Composable NLP Workflows for BERT-based Ranking and QA System
Gaurav Kumar, Murali Mohana Krishna Dandu
TL;DR
The paper addresses the challenge of building end-to-end NLP systems that span retrieval, ranking, and QA components by proposing a composable pipeline implemented in Forte. It integrates a BM25 full-ranking, a BERT-based re-ranker, and a QA model to perform retrieval-augmented QA, and evaluates this setup on MS-MARCO and a Covid-19 corpus, including a Covid-19 QA extension. Key contributions include a working end-to-end system, open-source Forte component additions, and practical examples, along with an analysis of latency vs. performance and domain adaptation. The findings demonstrate that re-ranking substantially improves ranking metrics, while QA performance is affected by upstream errors and domain characteristics, highlighting actionable guidance for real-world search and QA systems.
Abstract
There has been a lot of progress towards building NLP models that scale to multiple tasks. However, real-world systems contain multiple components and it is tedious to handle cross-task interaction with varying levels of text granularity.
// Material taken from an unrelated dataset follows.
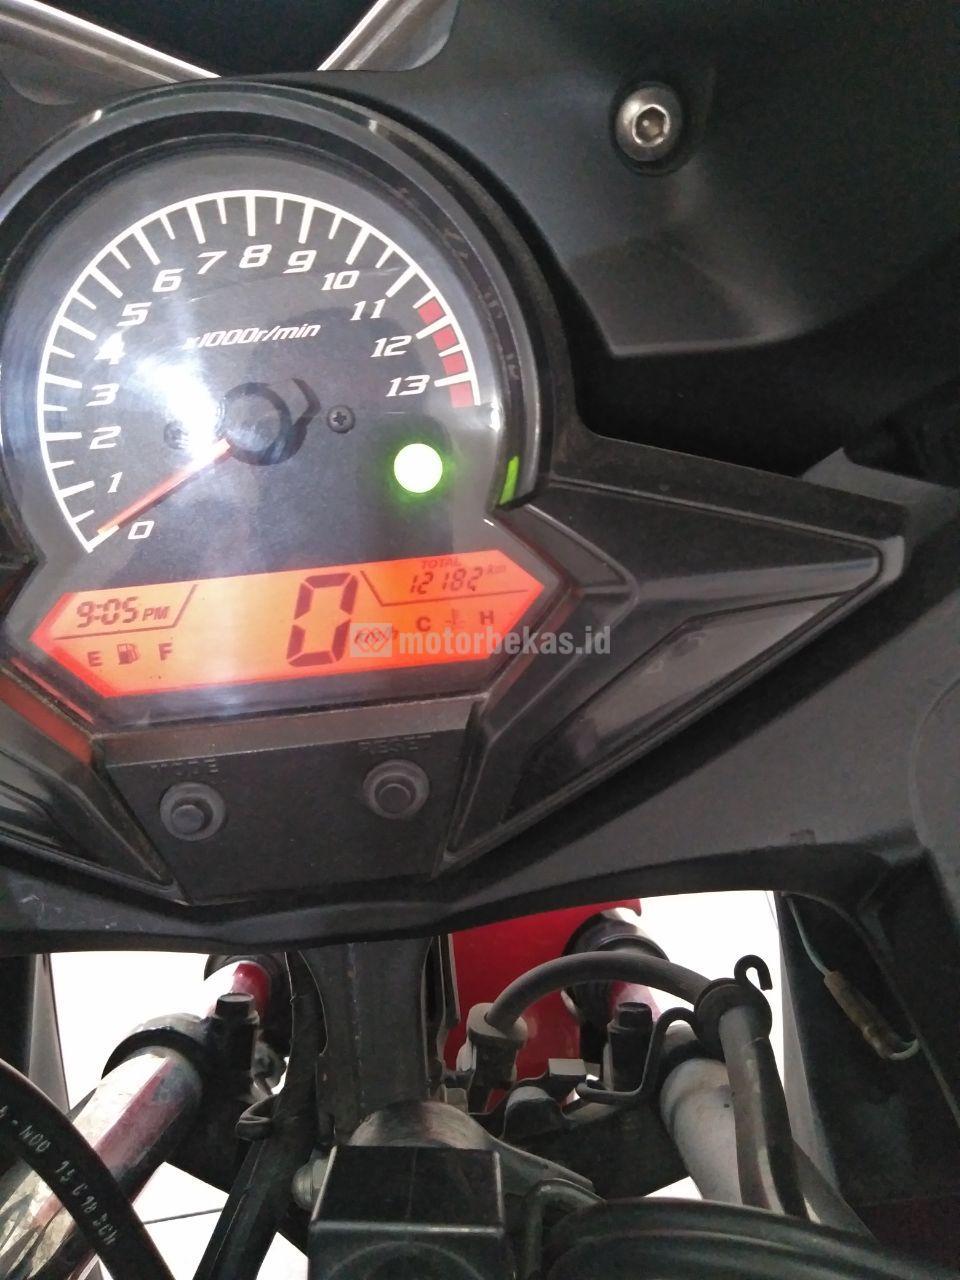 HONDA CBR 150  3840 motorbekas.id
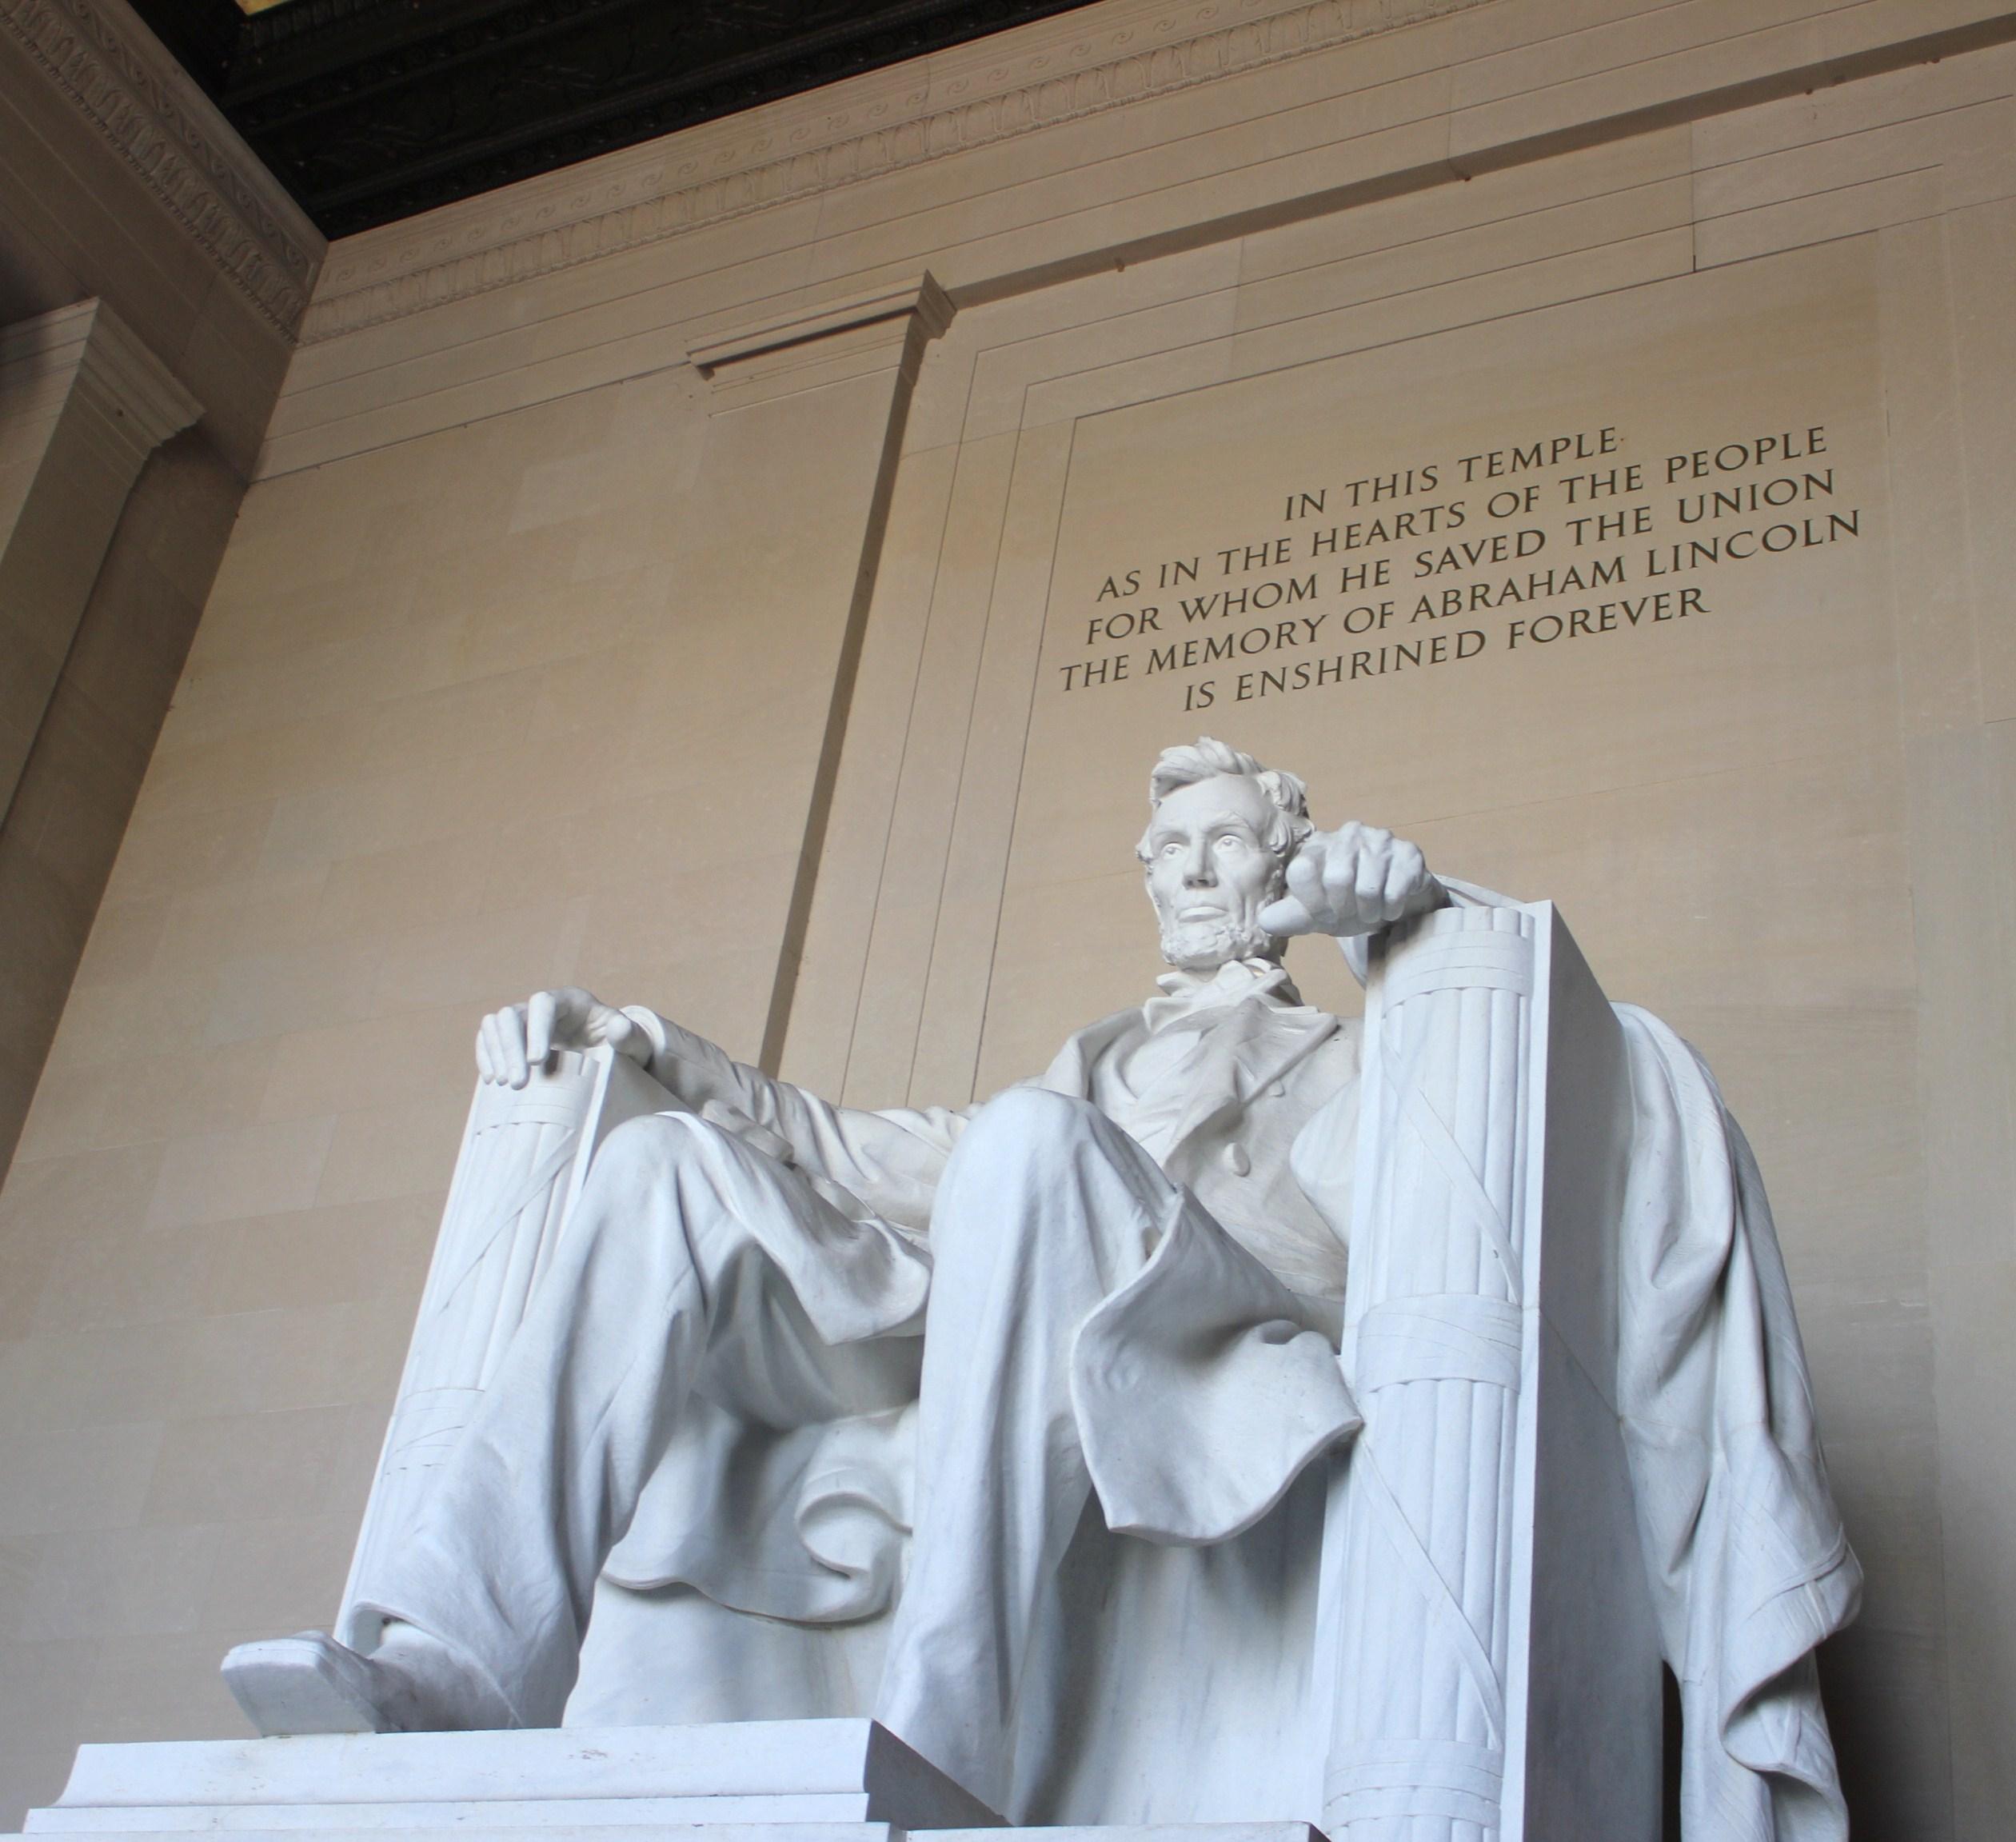 Lincoln Memorial, Washington D.C

In this work, we built an end-to-end Ranking and Question-Answering (QA) system using Forte, a toolkit that makes composable NLP pipelines. We utilized state-of-the-art deep learning models such as BERT, RoBERTa in our pipeline, evaluated the performance on MS-MARCO and Covid-19 datasets using metrics such as BLUE, MRR, F1 and compared the results of ranking and QA systems with their corresponding benchmark results. The modular nature of our pipeline and low latency of reranker makes it easy to build complex NLP applications easily.